Jason Wei — 3 Key Ideas in AI in 2025
Original source: Stanford AI Club: Jason Wei on 3 Key Ideas in AI in 2025
TL;DR
- Jason Wei outlines three mental models for 2025: (1) intelligence becomes a commodity as test-time compute and agents drive the cost of “getting the right answer” toward zero; (2) Verifier’s Law: AI learns fastest on tasks that are easy to verify; (3) the edge of intelligence is jagged: capabilities and improvement rates vary wildly by task—no single “fast takeoff.”
Core ideas
1) Intelligence becomes a commodity
- Once a capability is unlocked, its cost drops rapidly; same target performance gets cheaper each year.
- Key driver: adaptive/test-time compute (e.g., o1) — spend more reasoning on hard problems, less on easy ones without growing model size.
- Agents compress time-to-knowledge: public facts go from hours → minutes → seconds as browsing + tool use mature (e.g., finding niche stats via national databases).
- Implications: democratization of knowledge-gated fields (coding, personal health guidance), rising relative value of private/insider data, and eventual personalized, frictionless information access.
2) Verifier’s Law (asymmetry of verification)
- Principle: The easier a task is to verify, the easier it is to train AI to do it; easily verifiable tasks will be conquered first.

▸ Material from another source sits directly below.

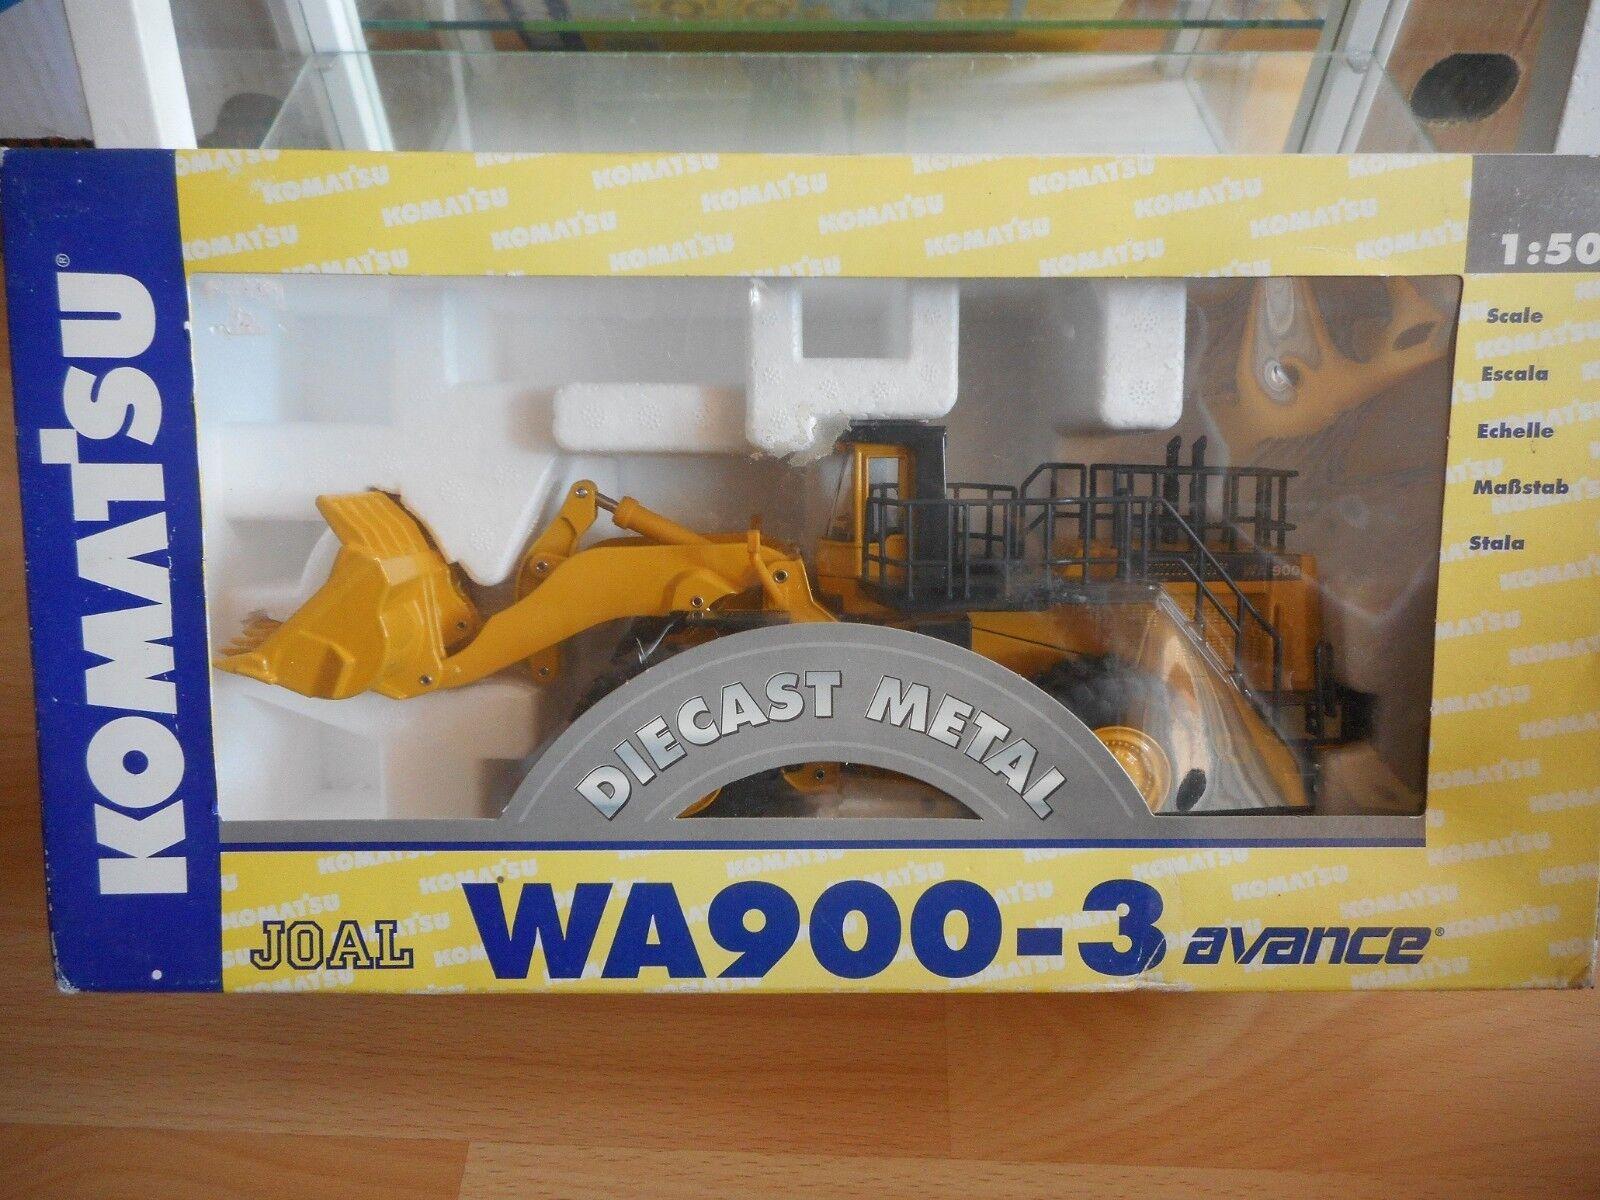 Joal Komatsu WA900-3 Avance Wheel Loader in giallo on 1:50 in Box  Ref 265

- Verification ease depends on: objective truth, speed of checking, scalability (batchable checks), low noise, and continuous reward (not just pass/fail).

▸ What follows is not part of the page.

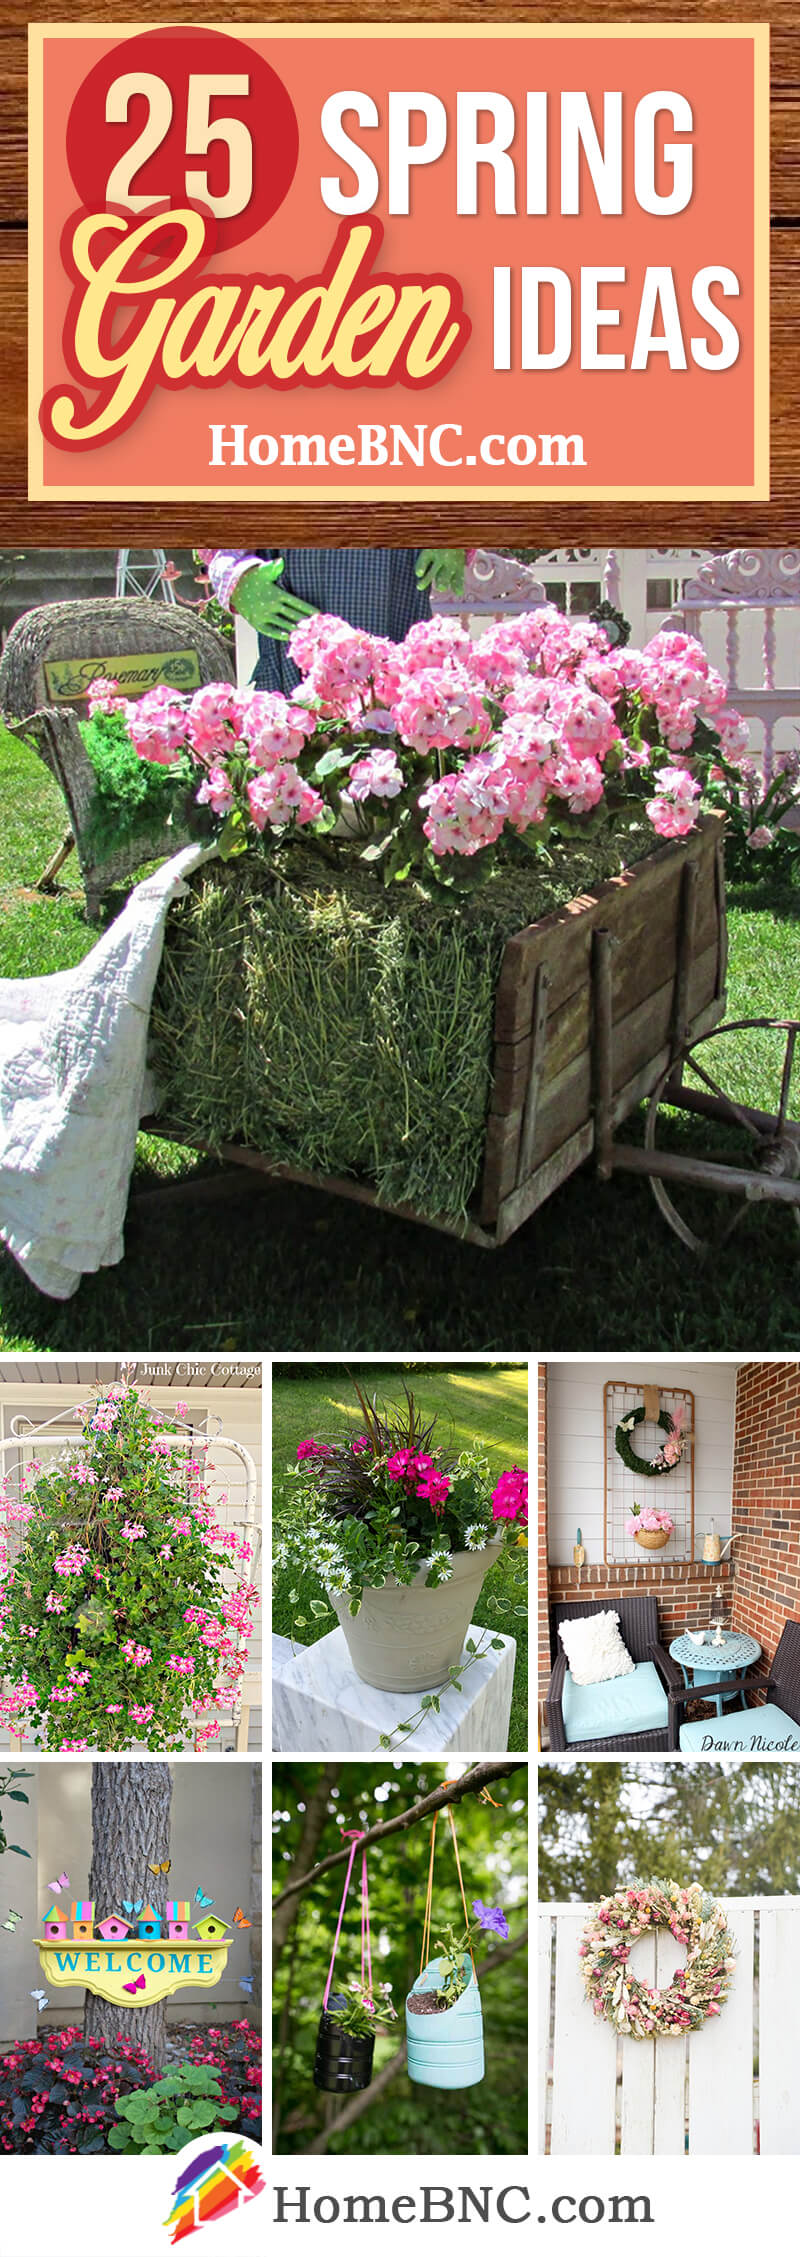 Best Spring Garden Ideas

- Examples along the spectrum:
- Easy to verify: Sudoku, rendering/click-testing an app, code with unit tests, geometry packing tasks.
- Hard to verify: factual essays, “best diet” claims (slow, noisy, costly to validate).
- Tactics: supply answer keys/tests to move tasks into the easy-to-verify quadrant (benchmarks, unit tests, graded objectives).
- Case study: AlphaEvolve-style loops—sample many candidates, grade automatically, feed the best back to the model—show rapid gains when a crisp metric exists.
3) The jagged edge of intelligence
- No singular step-function “superintelligence takeoff”; instead, capability improves at different rates per task.
- Heuristics for where progress is fastest:
- Digital > physical (iteration speed, scale).
- Easier for humans → easier for AI (in general).
- Data-abundant tasks improve faster; exception: if a single clear metric exists, RL/self-play can synthesize data (AlphaZero/AlphaEvolve pattern).
- Rough landscape: already strong on competition math/coding and translation for high-resource languages; slower on low-resource languages, robotics, hands-on trades (plumbing, hairdressing), artisanal crafts, and socially complex goals.
What this means
- Short term: automation/acceleration hits trivially verifiable, digital, data-rich workflows first (software dev, debugging with tests, structured research + fact retrieval).
- Opportunity surface: invent measurements and create verification harnesses—whoever defines the metric unlocks progress.
- Strategy: expect uneven gains; plan around task-level variance, and value private data/connectors as public knowledge commoditizes.
About the speaker
- Jason Wei is an AI researcher at Meta Superintelligence Labs.
- Previously at OpenAI, co-created o1 and Deep Research.
- Earlier at Google Brain, helped introduce Chain-of-Thought prompting and documented emergent phenomena.